REQUIRED WORK → Leaving the pictures aside, reproduce the data in full and word for word.

GIVEN MATERIAL →
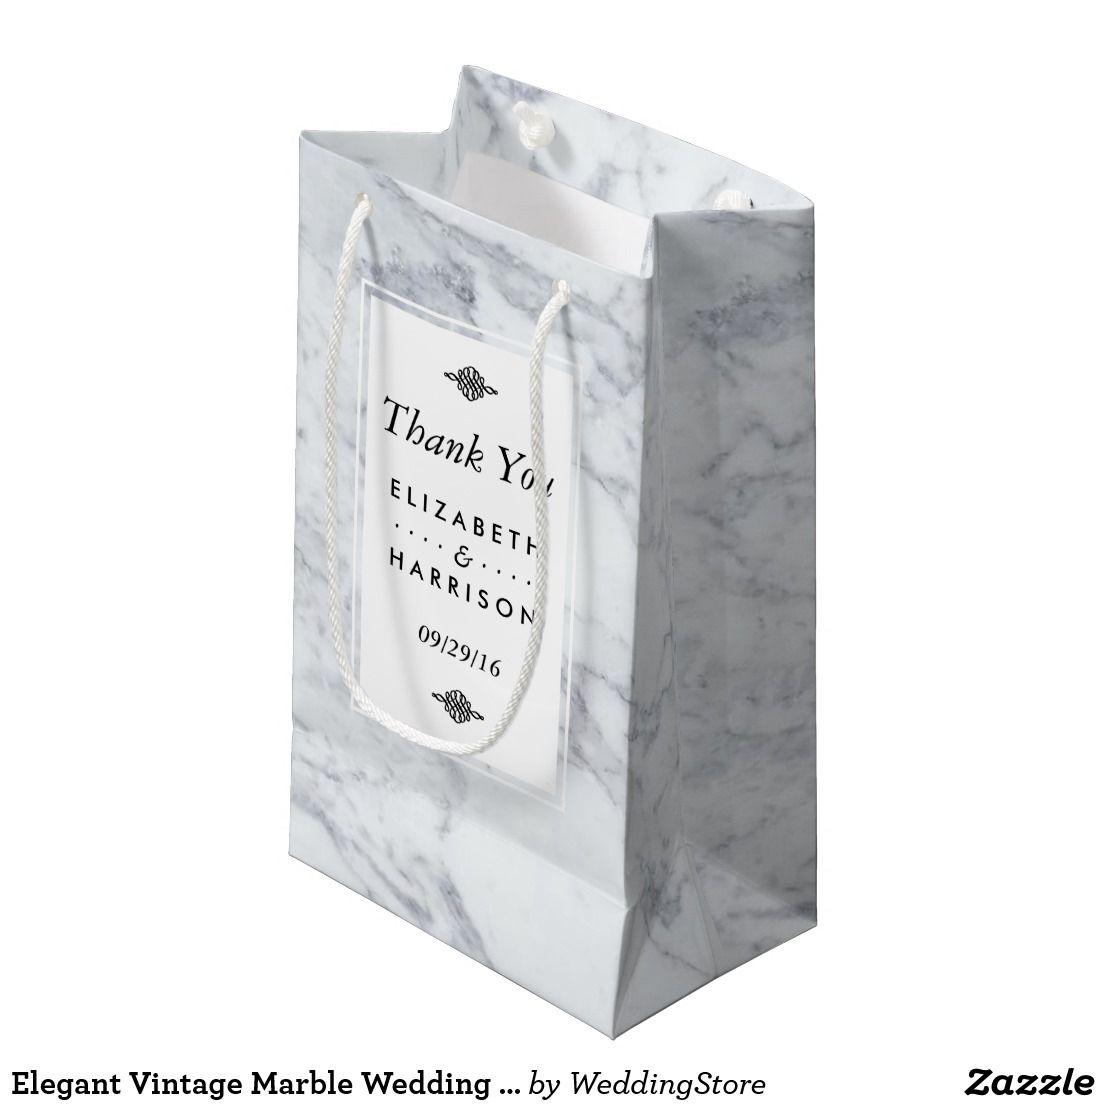 Elegant Vintage Marble Wedding Favor Small Gift Bag | Small gift ...
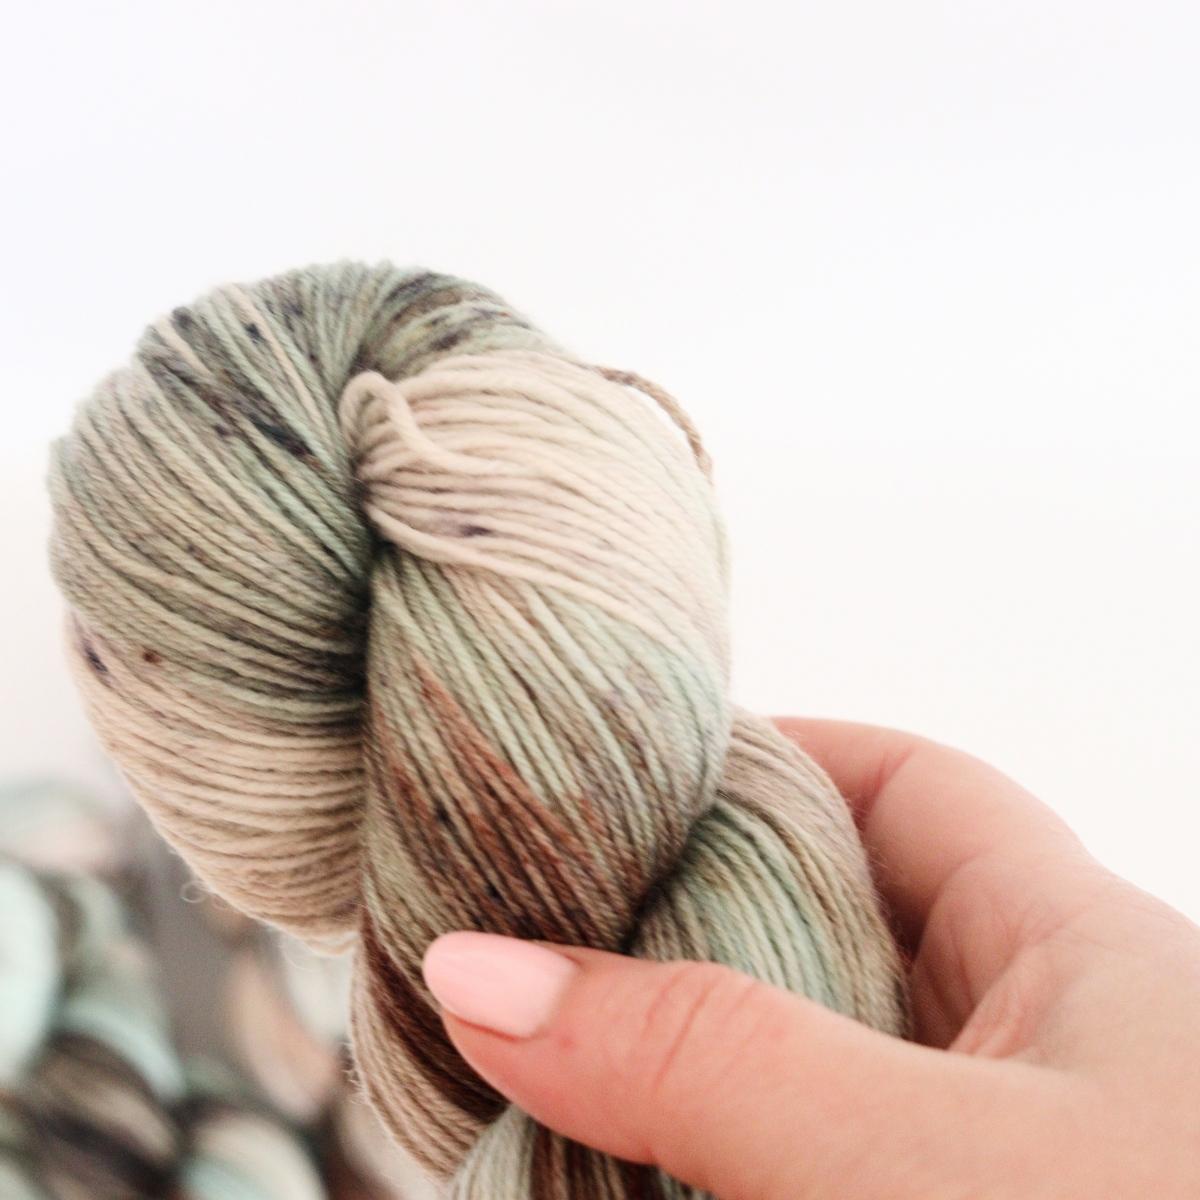 woodico.pro hand dyed yarn 055 2 1200x1200 - Hand dyed yarn / 055
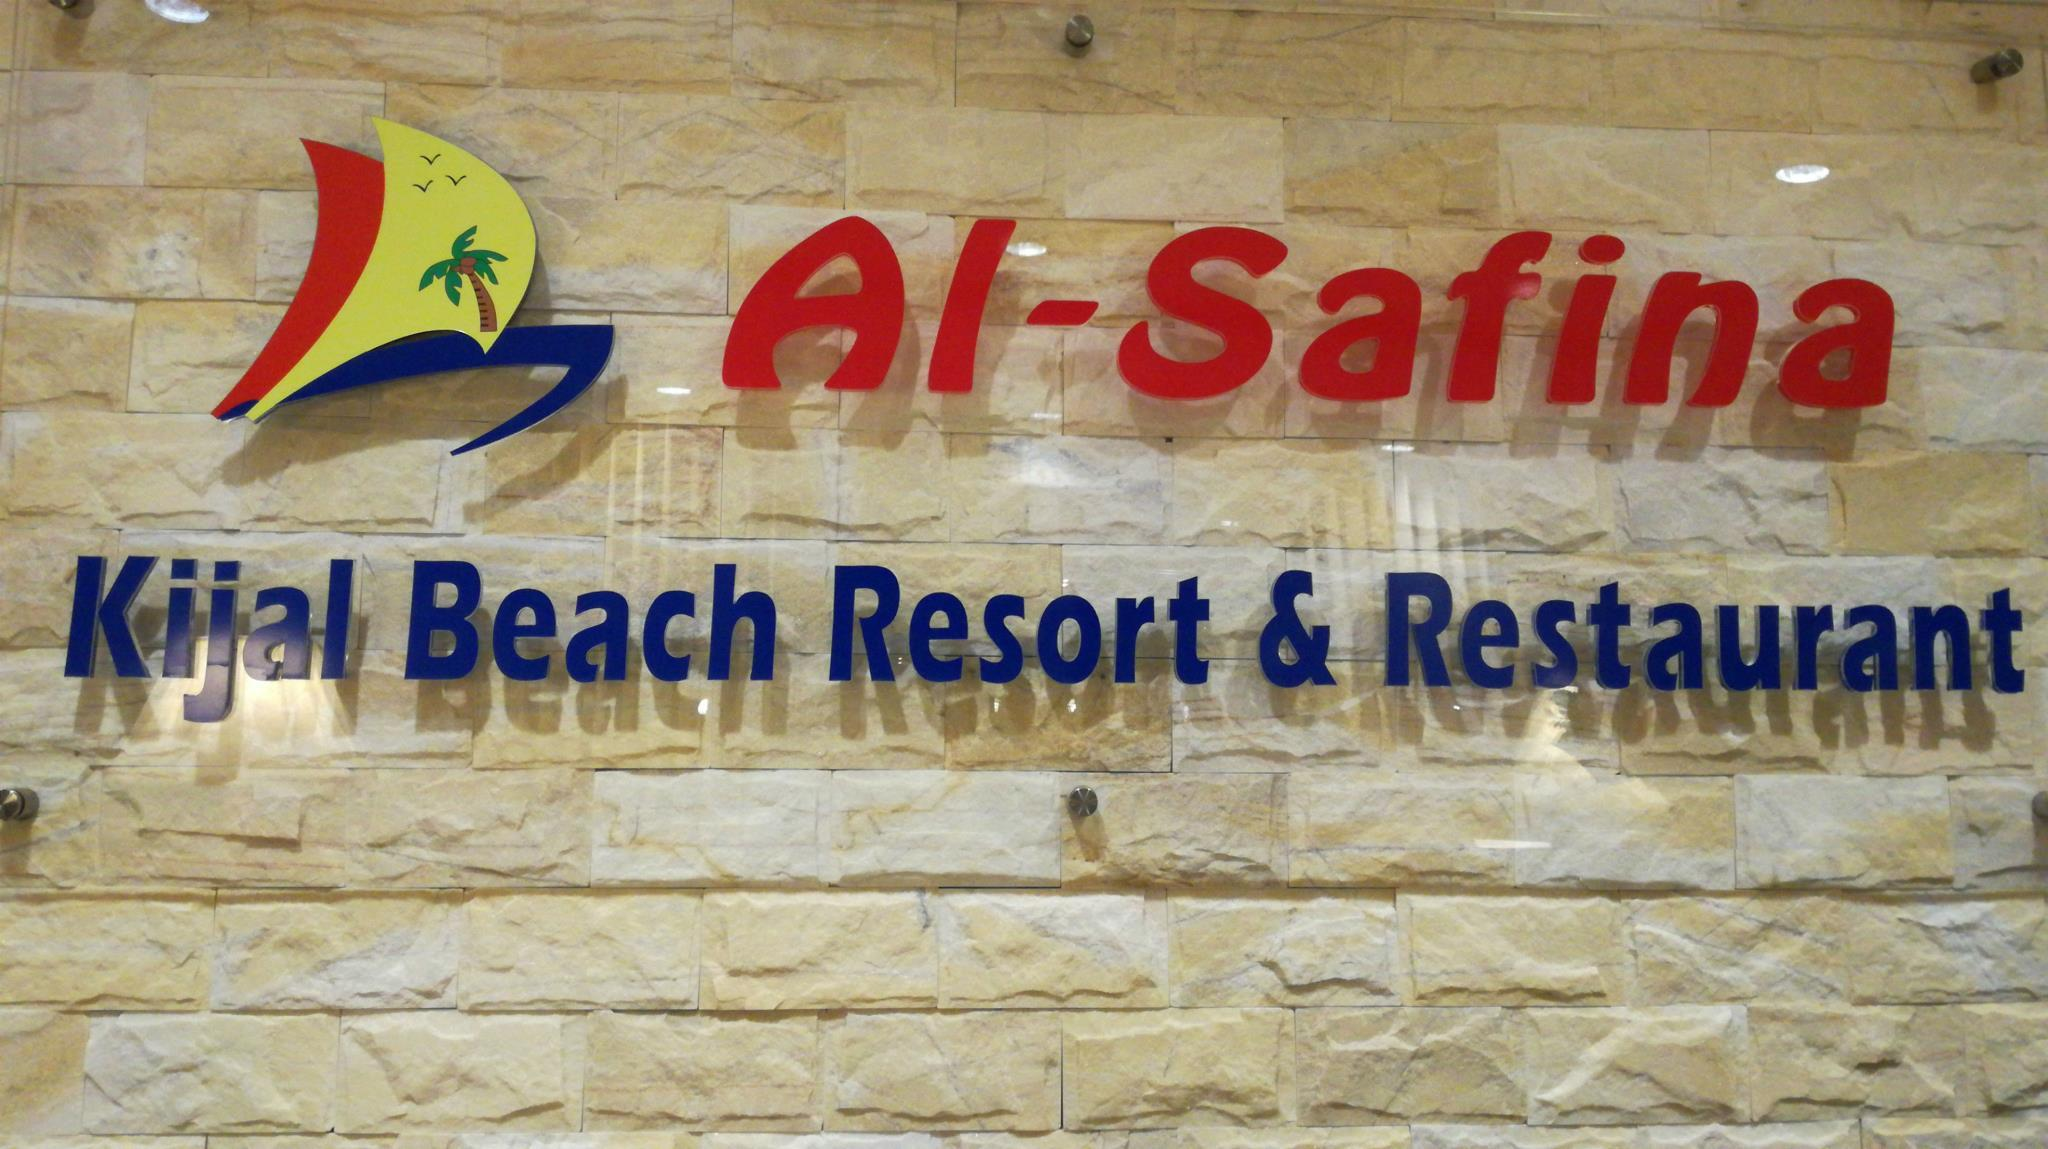 Al Safina Kijal Beach Resort & Restaurant, Kemaman

TASK RESPONSE →
 Elegant Vintage Marble Wedding Favor Small Gift Bag | Small gift ...
 woodico.pro hand dyed yarn 055 2 1200x1200 - Hand dyed yarn / 055
 Al Safina Kijal Beach Resort & Restaurant, Kemaman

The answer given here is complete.